# Briggs twin engines issues



## JoeKP (Feb 23, 2012)

I have dealt with 5 of these engines from 17-20 hp. 
On every one the carbs suck and need to be rebuild or completely adjusted. Is this normal for this style and is there a cheap rebuild kit for them. I have one in my craftsman and wan that tractor to run again.


----------



## JoeKP (Feb 23, 2012)

Also. How do you adjust these. I have never really had to adjust any carbs.


----------



## dangeroustoys56 (Jul 26, 2010)

Theres not really any adjustment on them - i own several twin cylender flatheads and theres really no way to adjust them.

The biggie is gaskets ( specially on twins) and ports inside the carb - i have a 99 17HP twin on a murray hydro - that thing gave me issues starting and running, no matter how many times i cleaned the carb - the gaskets inside the carb were so saturated and old, it mustve leaked thru - i bot a $20 gasket kit that came with a pump kit - it comes with a variety of gaskets- only one fits ( match to the one in your carb) - right off the bat it started and ran beutiful after the gasket change. However, i have a few twins that ive never changed gaskets in and they run great as well - its possible the one had a wrong gasket in it or was used from another tractor before i got it - the PO had tinkered with those tractors before i bot them.
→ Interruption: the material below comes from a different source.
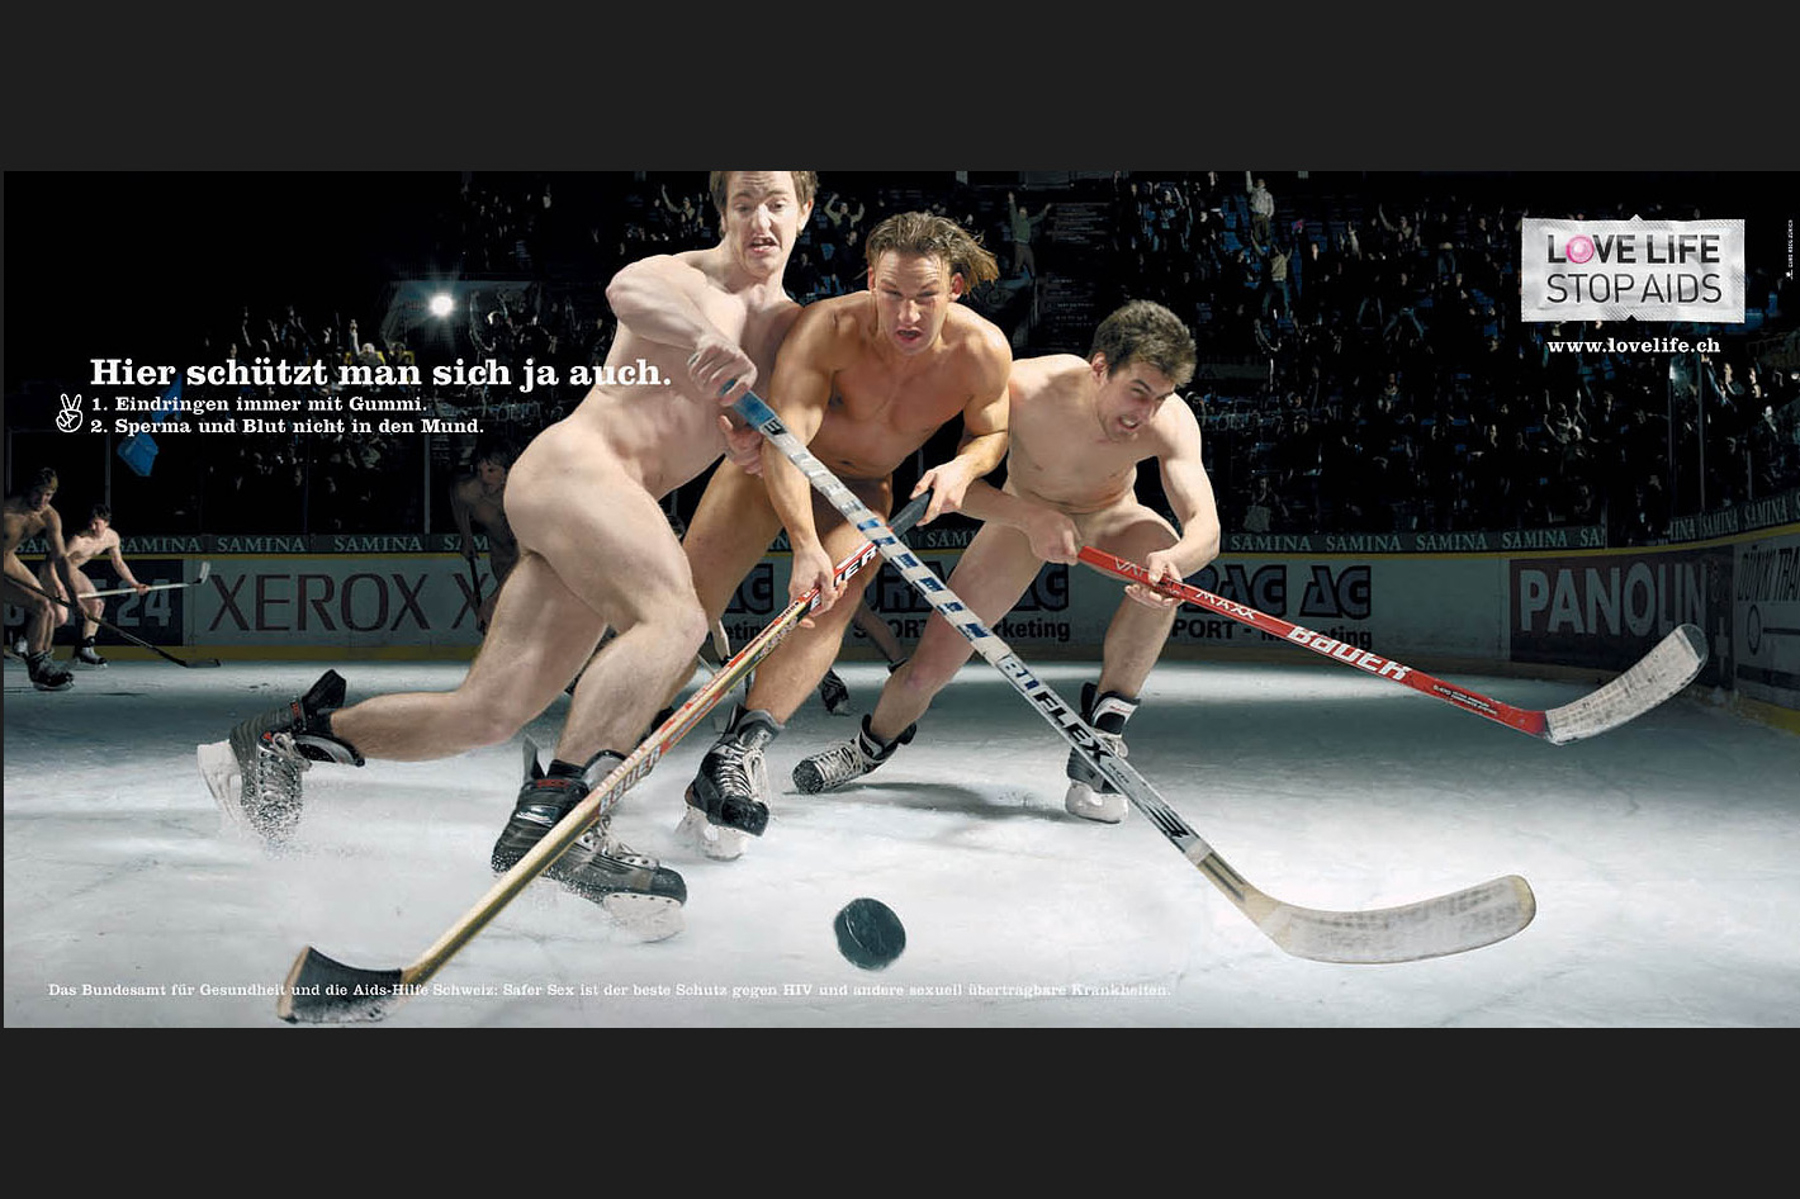 Afiche contra Sida: Hombres desnudos jugando al hockey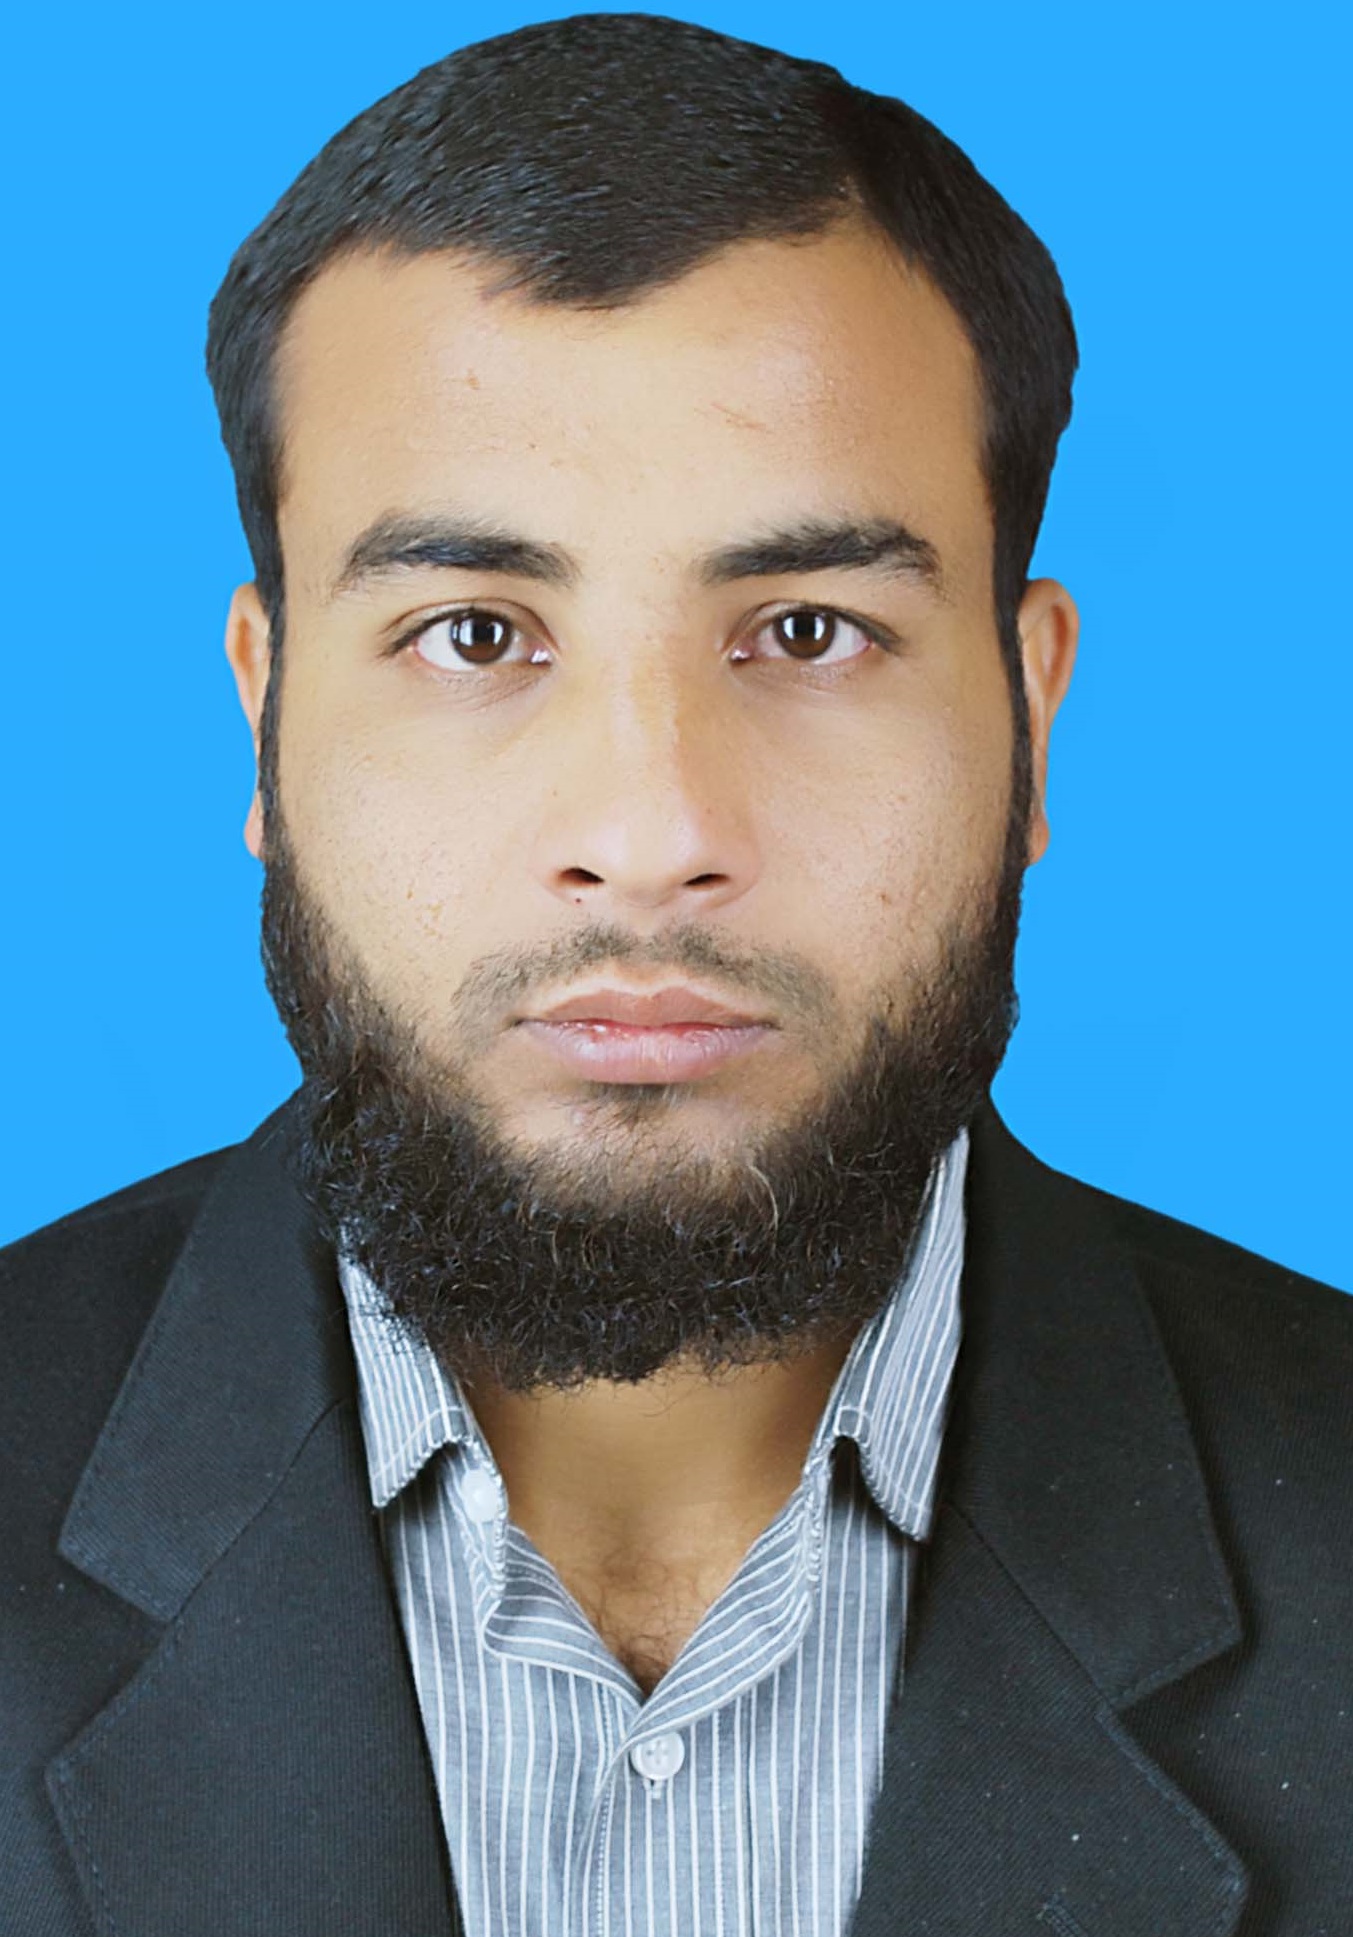 Mr. Irshad Habib

Carb cleanings should be pretty routine , on almost every motor , specially with todays crappy gasoline , unless the carb is drained after every use and checked often - the ethanol destroys rubber, and attracts water, hence corrosion. I cleaned the carb on my 99 weedeater when i bot it- a few years later i checked it and had a layer of rust in the bottom of the float bowl, and that was running the carb out of fuel after every time i mowed.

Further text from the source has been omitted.